SOURCE MATERIAL ->
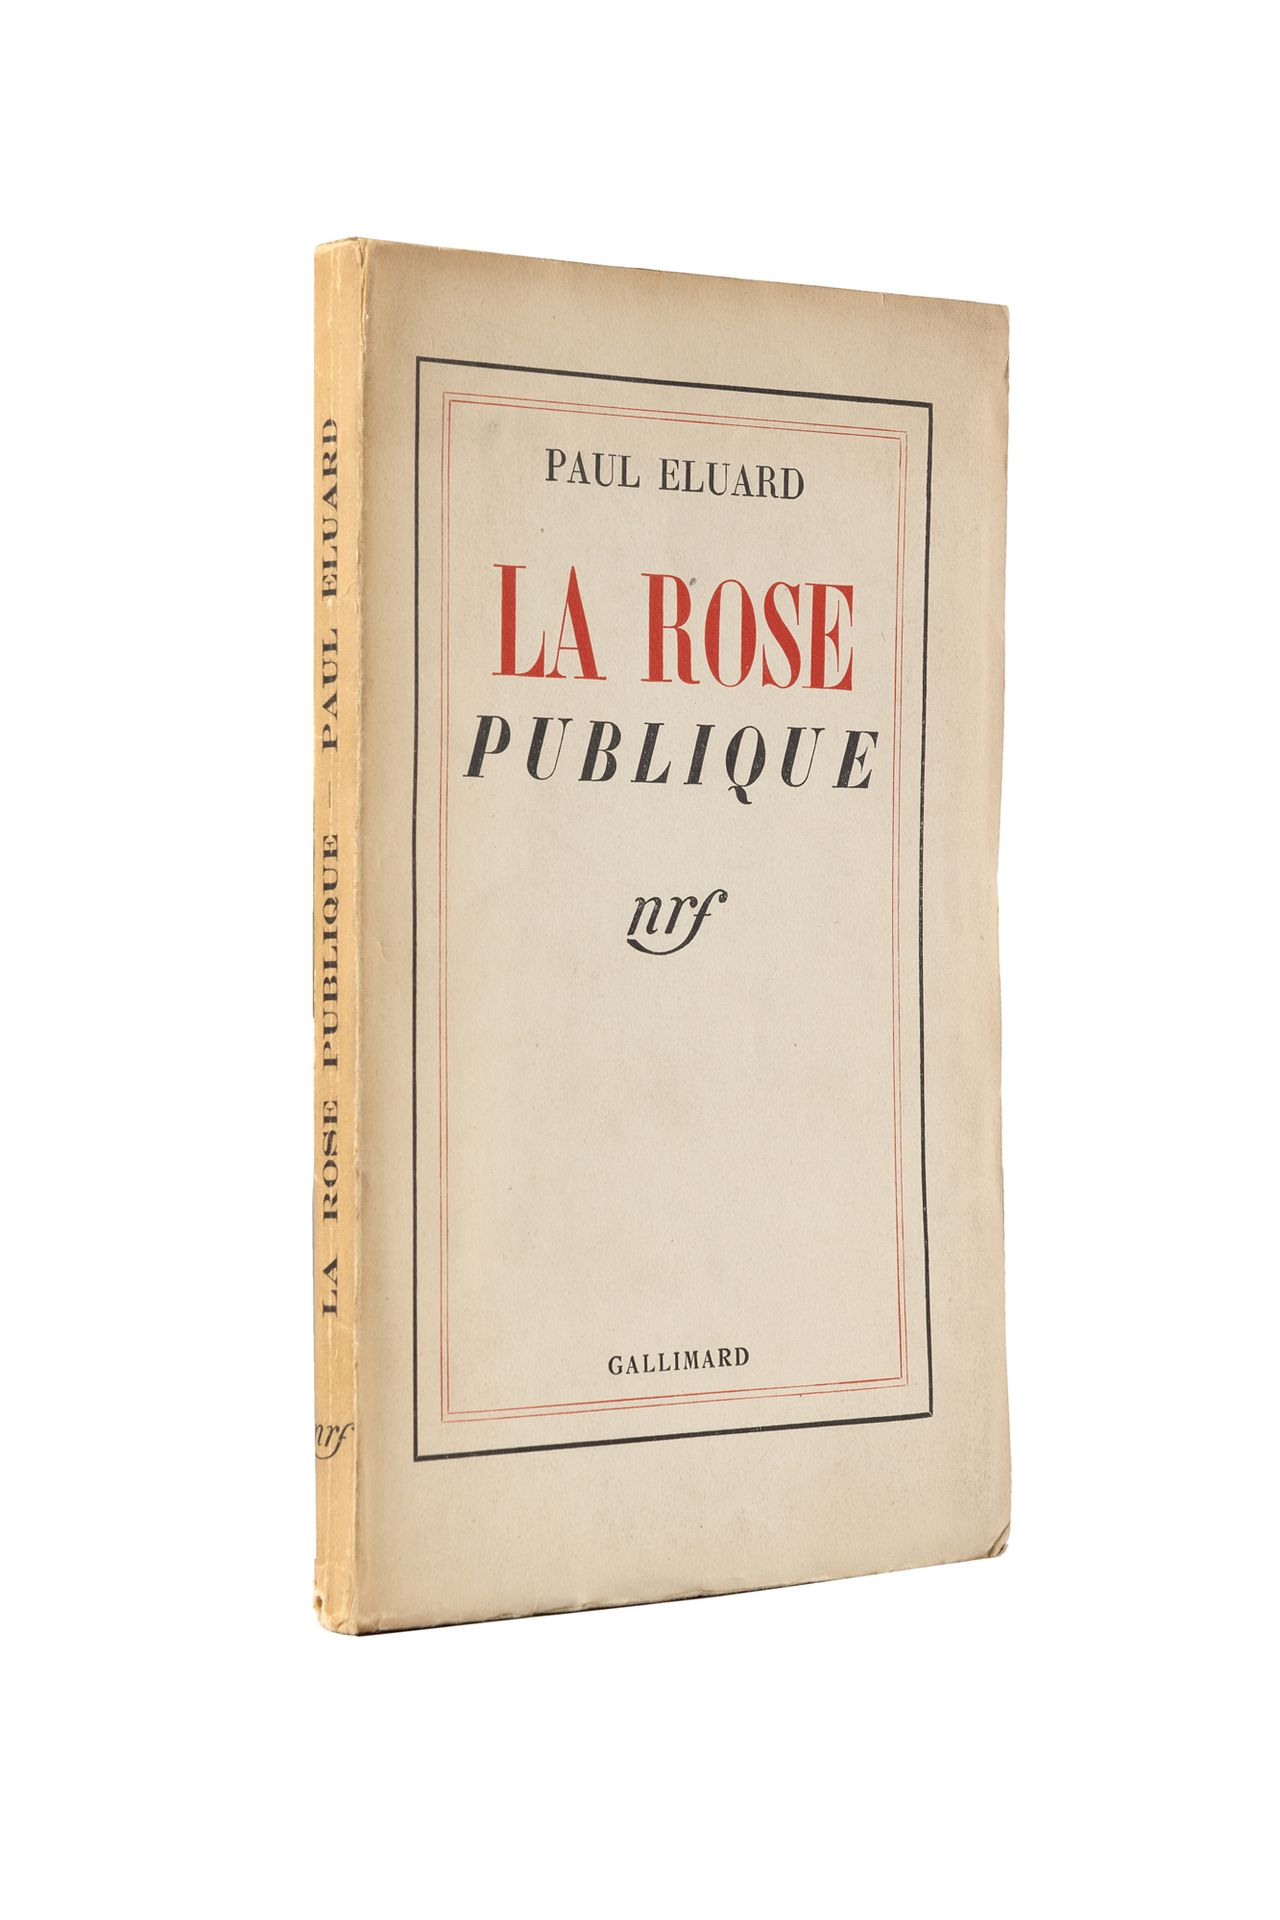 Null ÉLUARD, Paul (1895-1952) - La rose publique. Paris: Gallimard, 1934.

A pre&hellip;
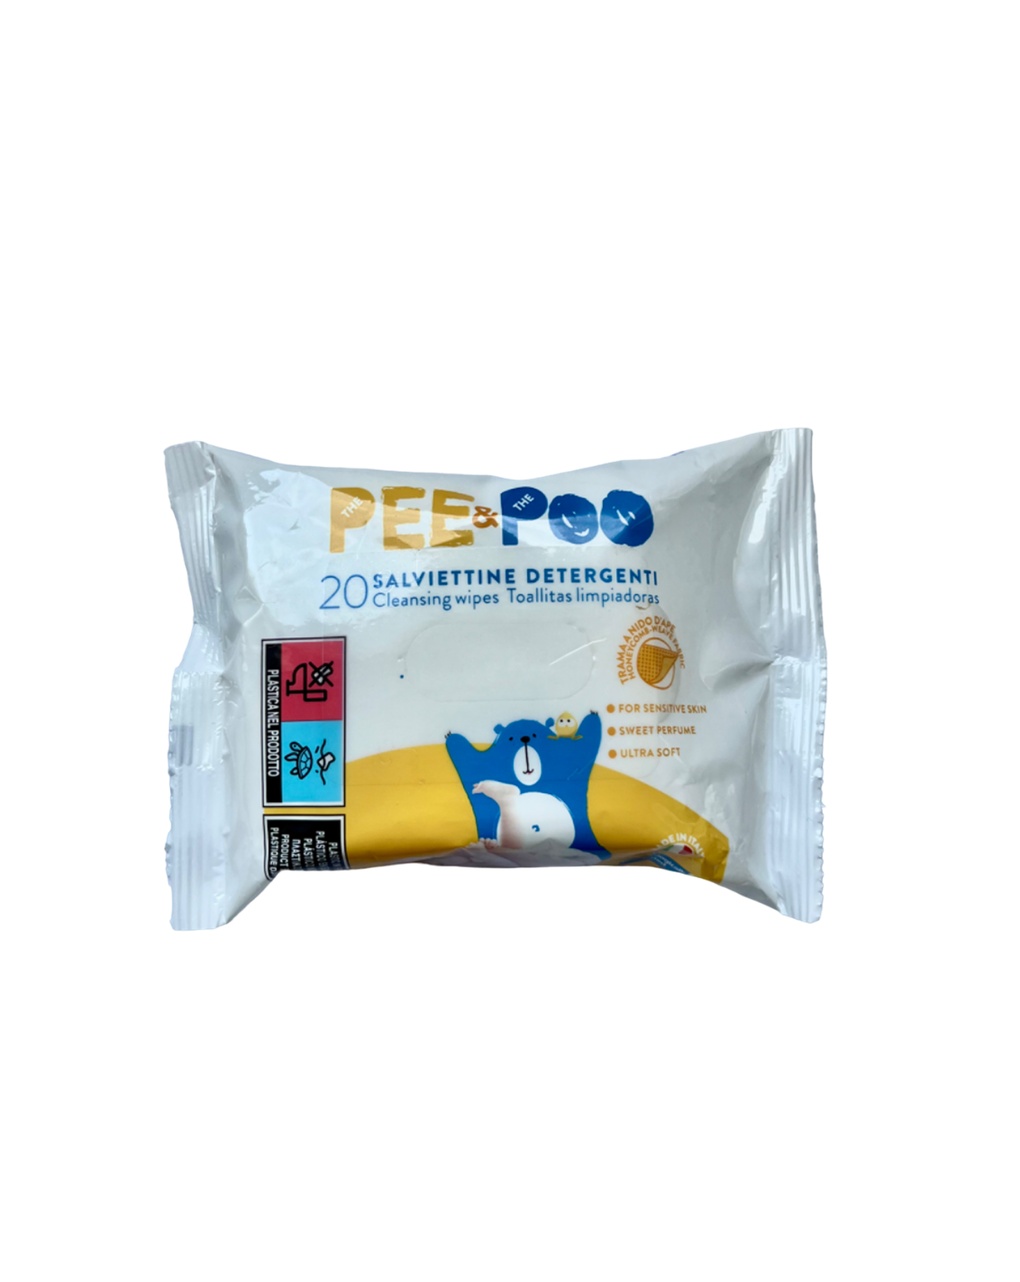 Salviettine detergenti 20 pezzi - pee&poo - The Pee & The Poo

ASSIGNMENT -> The answer must consist solely of the lines from the one with "A pre&hellip;" through the final line of the data, each reproduced exactly and with pictures omitted.

EXERCISE RESULT ->
A pre&hellip;
 Salviettine detergenti 20 pezzi - pee&poo - The Pee & The Poo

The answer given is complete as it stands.